Oggi, sempre più di frequente – afferma Maria Grazia Pignataro, Presidente dell’Ispedd – le famiglie si trovano in una posizione di fragilità. Il bisogno di servizi essenziali per i propri figli e figlie li espone a dinamiche che rischiano di renderle “ricattabili”, costrette ad accettare condizioni non sempre confacenti alle peculiarità dello spettro autistico, pur di garantire continuità assistenziale ai servizi offerti.
Serve un cambio di paradigma netto: il rapporto con le istituzioni e gli enti gestori deve diventare un rapporto tra pari. Questo significa riconoscere alle famiglie un ruolo decisionale reale, non simbolico”.

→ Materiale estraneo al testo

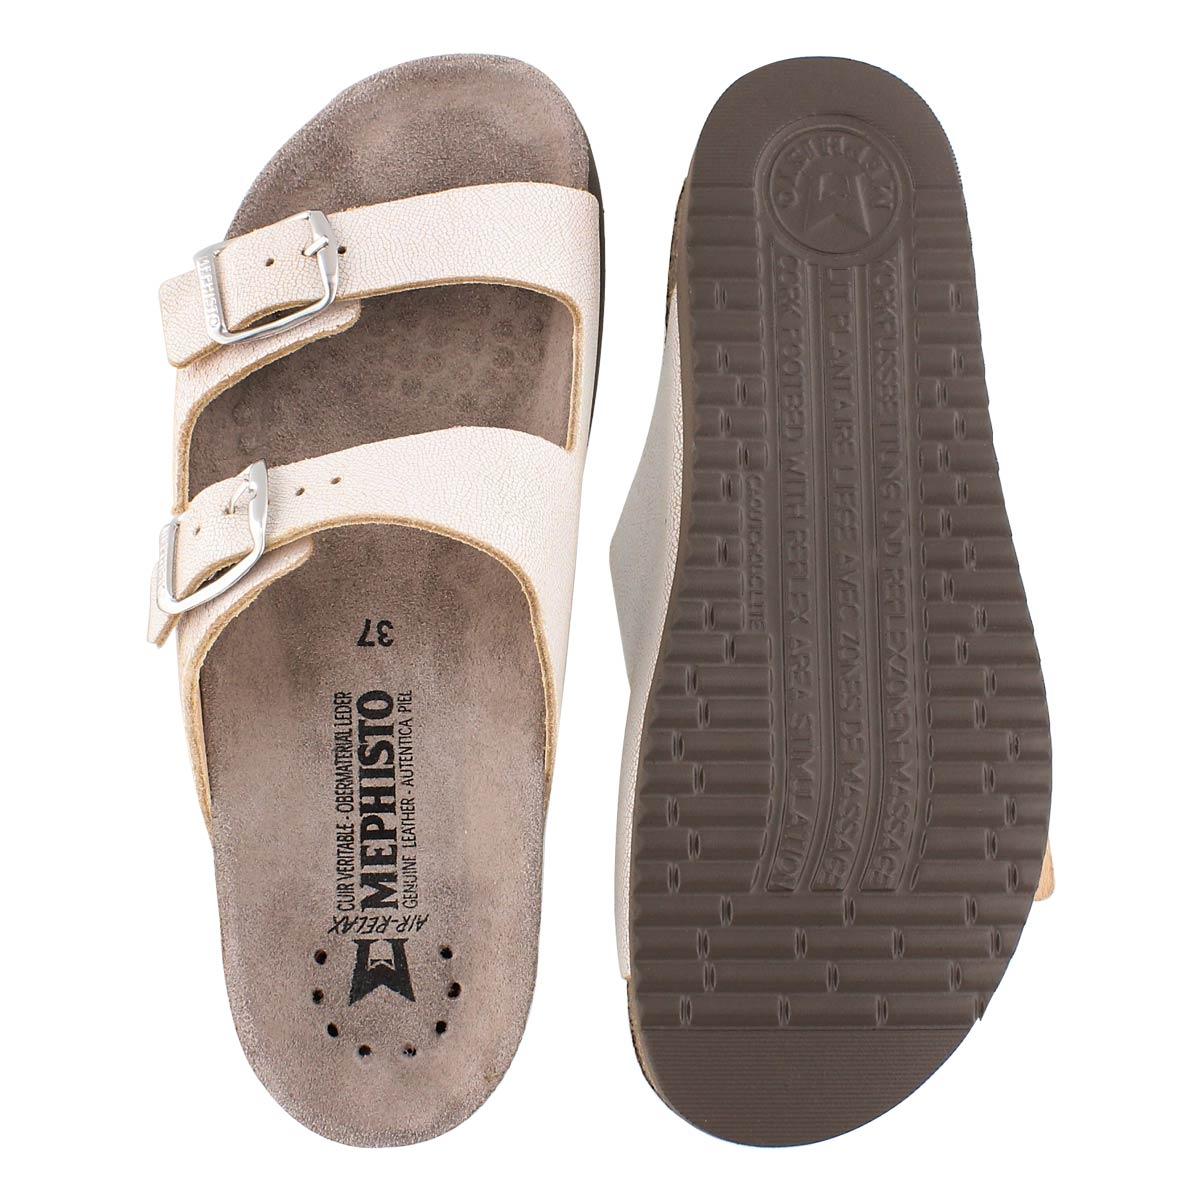 Lds Harmony venise cork footbed slide

Uno strumento fondamentale in questa direzione è il progetto di vita individualizzato e personalizzato, che non può esser calato dall’alto ma deve nascere da un effettivo processo di compartecipazione e coprogrammazione, come d’altronde ormai previsto del decreto legislativo n°62 del 2024, attuativo della legge delega 227/2021, in base al quale le famiglie non sono semplici destinatarie di decisioni, ma protagoniste attive nella definizione dei percorsi di vita dei propri figli e figlie.
Accanto al diritto, spesso faticosamente esercitato, di ottenere servizi di qualità, le famiglie hanno, infatti, anche il diritto di esprimere bisogni e aspettative, senza per questo sentirsi costantemente in difetto.
“Le famiglie non sono utenti passivi – continua la Presidente dell’Ispedd – non sono soggetti da “gestire”, ma portatrici di diritti. La loro condizione non è frutto di una scelta, e non può trasformarsi in una posizione di subordinazione permanente. Confidiamo nel fatto che quanto prima venga avviata, come d’altronde sarebbe già dovuto avvenire dal 1 marzo 2026, la sperimentazione per “Il progetto di vita” anche a Caltanissetta”.
A quanto pare il ritardo sarebbe dovuto alla definizione delle linee guida, ferme al momento all’assessorato regionale alla salute. Nel frattempo l’assessorato alle politiche sociali e del lavoro del Comune di Caltanissetta si sta già attivando, sulla falsariga di quanto stabilito nel Tavolo tematico per la non autosufficienza, per mettere a punto una mappatura dei servizi offerti e una scheda di rilevazione dei bisogni da destinare alle famiglie
E’ tempo di riconoscere e riconoscersi da parte delle famiglie un altro diritto: quello dell’autonomia.
Le famiglie devono essere messe e mettersi loro stesse nelle condizioni di sviluppare capacità progettuale e, quando possibile, imprenditoriale.
Devono poter dar vita a servizi, come d’altronde è accaduto da tempo in altre provincie siciliane, e contribuire attivamente alla loro realizzazione; diventare in definitiva parte della soluzione, non in contrapposizione con le istituzioni e con gli enti gestori ma in un’ottica di complementarietà: una collaborazione autentica, basata su condivisione, integrazione e valorizzazione delle competenze di ciascuno.
Ripensare il ruolo delle famiglie significa, in definitiva, ripensare l’intero sistema. Solo attraverso un equilibrio reale tra istituzioni, enti gestori e nuclei familiari sarà possibile costruire percorsi di vita dignitosi, sostenibili e realmente inclusivi, altrimenti il rischio è che si continuerà a scaricare sulle famiglie il peso delle inefficienze.
Il 2 aprile non può essere solo una ricorrenza, ma deve costituire un’occasione per aprire un confronto serio sul futuro dei servizi e sulla dignità delle persone con autismo e delle loro famiglie.